Over the course of 10 years, as the submissive Margaret churns out big-eye paintings in a cramped home studio, Walter becomes an increasingly abusive drunk. After she leaves him and relocates to Hawaii, Burton and his cinematographer, Bruno Delbonnel (Inside Llewyn Davis), use the island's dappling sun and flowery attire to create a kitsch vision of their own—an affectionate tribute to this long-ago pre-hippie period.

The movie is dimmed a bit by its muddled tone, an uncertain mix of drama and comedy with, at one point, an intrusion of dark, Hitchcockian menace. (The screenplay is by Scott Alexander and Larry Karaszewski, who also scripted Ed Wood.) And perhaps understandably, the characters never quite come into focus. Is Walter a charming rogue or a scummy exploiter? (Waltz overplays both aspects at various times.) And why is Margaret such a doormat? (Adams, at her most winning here, does her best to give this woman emotional dimension, but can't really break through till the second half of the picture.)

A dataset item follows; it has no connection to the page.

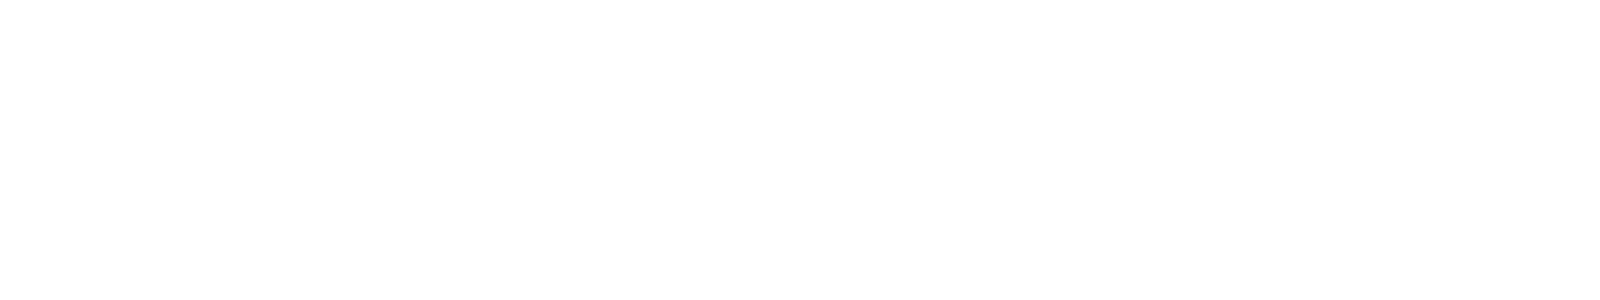 s7law logo biale2 - Platforma Medycyny Pracy

As he did with the films of the assertively untalented Ed Wood, Burton takes no position on Margaret's big-eye paintings. Are they not by now a species of folk art, to be savored as guileless artifacts of the benighted past? Are they really worth reviling anymore? In one Times review, the real-life John Canaday dismissed them as "the very definition of tasteless hack work." But here we have Walter asking, "What's wrong with being the lowest common denominator?" A question for the ages.